One reason that the public is so supportive of federal spending is that, for the most part, they don't pay a lot of taxes for it. Romney was right that nearly half of Americans don't pay income tax, though, I will note, he wasn't proposing to raise taxes on this half of the public. The republican insistence to never raise taxes has, perversely, likely led to a far higher level of public spending than we would have had if they'd insisted from the age of Reagan that every budget be balanced. The case against PBS and Amtrack and farm bills and foreign occupations would be easier to make if more of the public actually saw a relationship between these political choices and decreasing paychecks.

By insisting on low tax rates while allowing spending to rise, we've been engaged in a Keynesian stimlulus that's now creeping into its fourth decade. The economy has grown thanks to these low tax rates and debt driven spending, but growth has failed to lift us out of the budget hole. Even the brief budget surplusses of the late 90s were a result of structural overtaxation for Social Security. The real budget if social security taxes and spending had been excluded would still have been in deficit.

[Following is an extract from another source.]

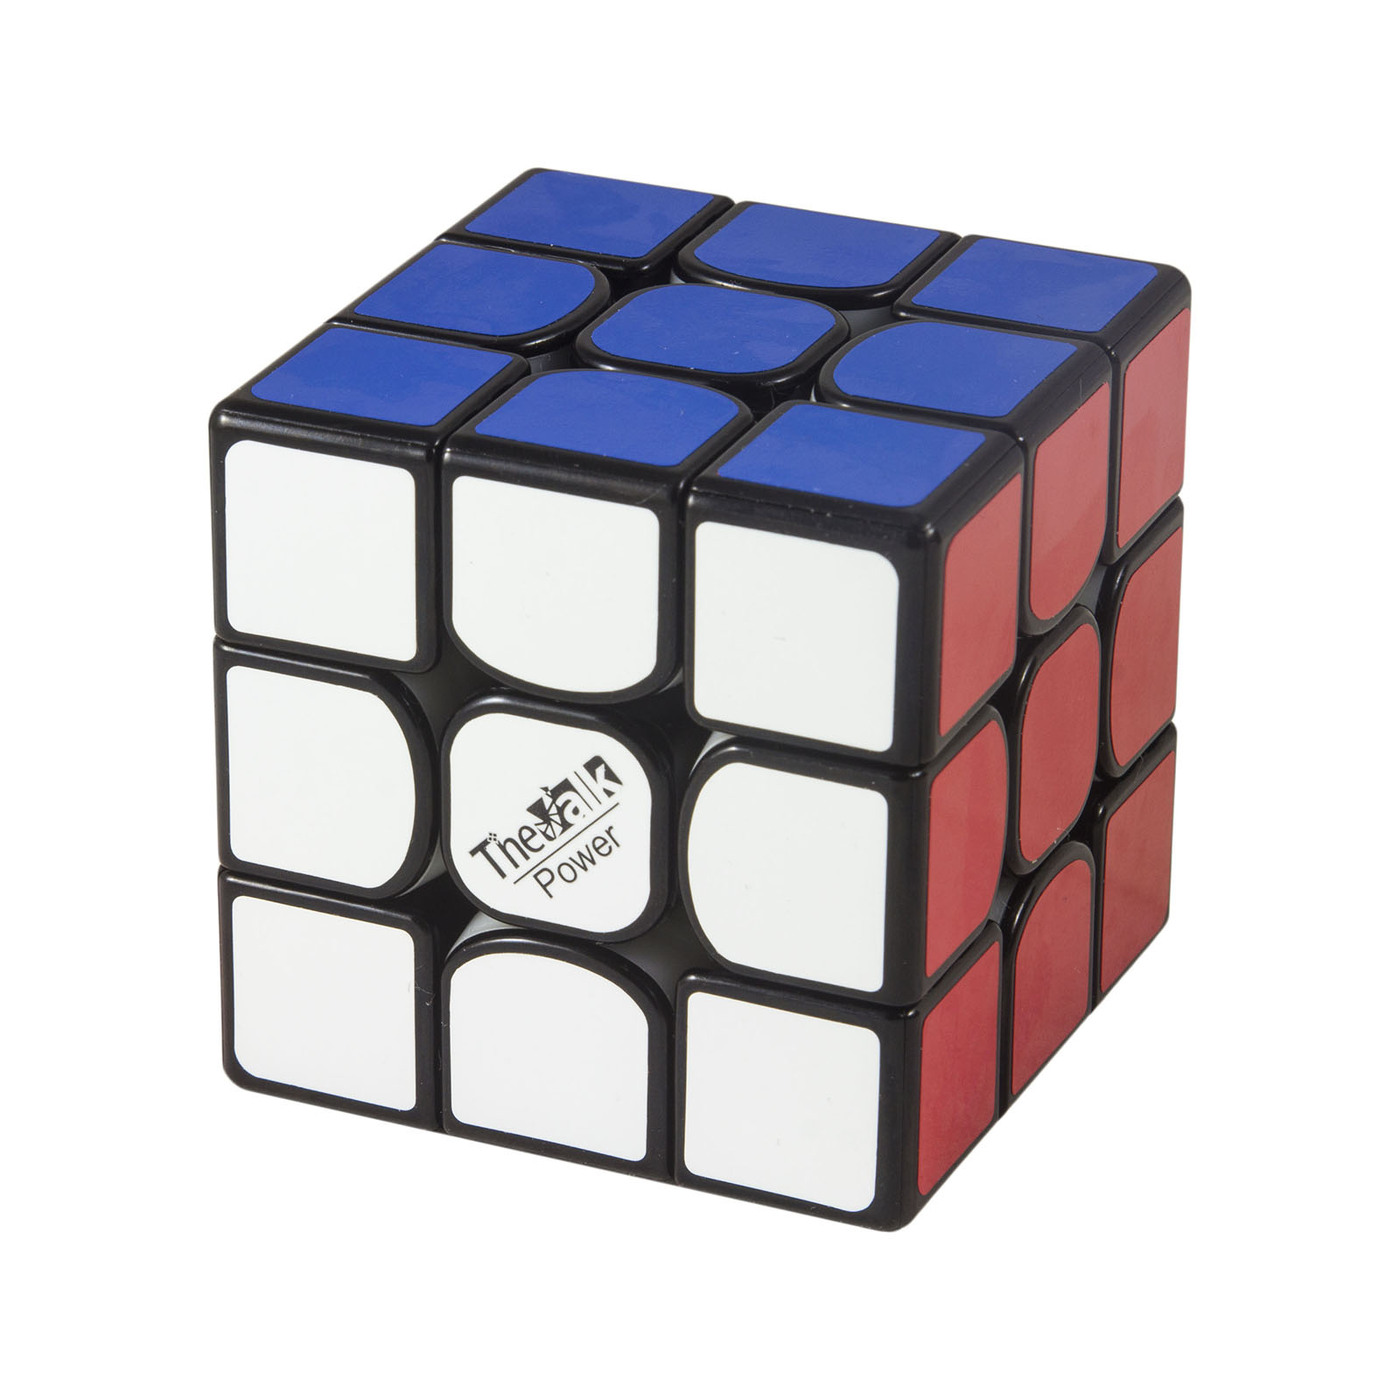 Парк головоломок. Кубик 3х3х3 616. Giker i3s кубик. Кубик 3*3 (а1114в200). Кубик Рубика 17 на 17.

There was an argument for many years that budget deficits would "starve the beast," and keep the growth of the federal government under check. Instead, the beast is fatter than ever, downright obese. The looming "fiscal cliff" is scary to me not because the tax hikes are so harsh and the budget cuts so draconian, but because they are so inadequate to the task of putting our nation back onto a responsible path.

Yes, raising taxes enough to balance the budget today would be a serious blow to the economy. But, it seems pretty obvious to me that continuing our policy of low taxes is only going to allow the government to grow ever more bloated. If conservatives and libertarians truly want to usher in an era of smaller government, then it's time for taxes to rise to a level where voters feel some discomfort. We index Social Security benefits to rise each year with inflation? Fine. Index the payroll tax each year to rise by the same level. Worried that people would just find ways to hide income in order to avoid income taxes? No problem. Shift more taxes to consumption. Let the tax on gasoline rise to a couple of bucks and put a pie chart on every gas pump showing what percentage is going to roads, to defense, to schools, etc.

Would this work? I honestly have no idea. As far as I can tell, the states with the highest levels of taxation, like California and New York, seem to be the states with populations most supportive of government spending. So, perhaps there would be a surge of support for more government spending, on the theory that we deserve it since we pay our taxes. (This is why Social Security is impossible to cut; all working people see the tax coming out of their check each week and aren't going to let the government screw them out of their money by cutting benefits.) But, I'd rather have taxes and spending in balance, with the current generation paying for what it spends, than our current policy of spending without constraint and shifting the bill to future generations. That's not only unwise, it's downright immoral.

This is our spending. We own it. It's time to pay for it.

*A completely made up number. If you want the actual percent, google it, but the point is, it's tiny.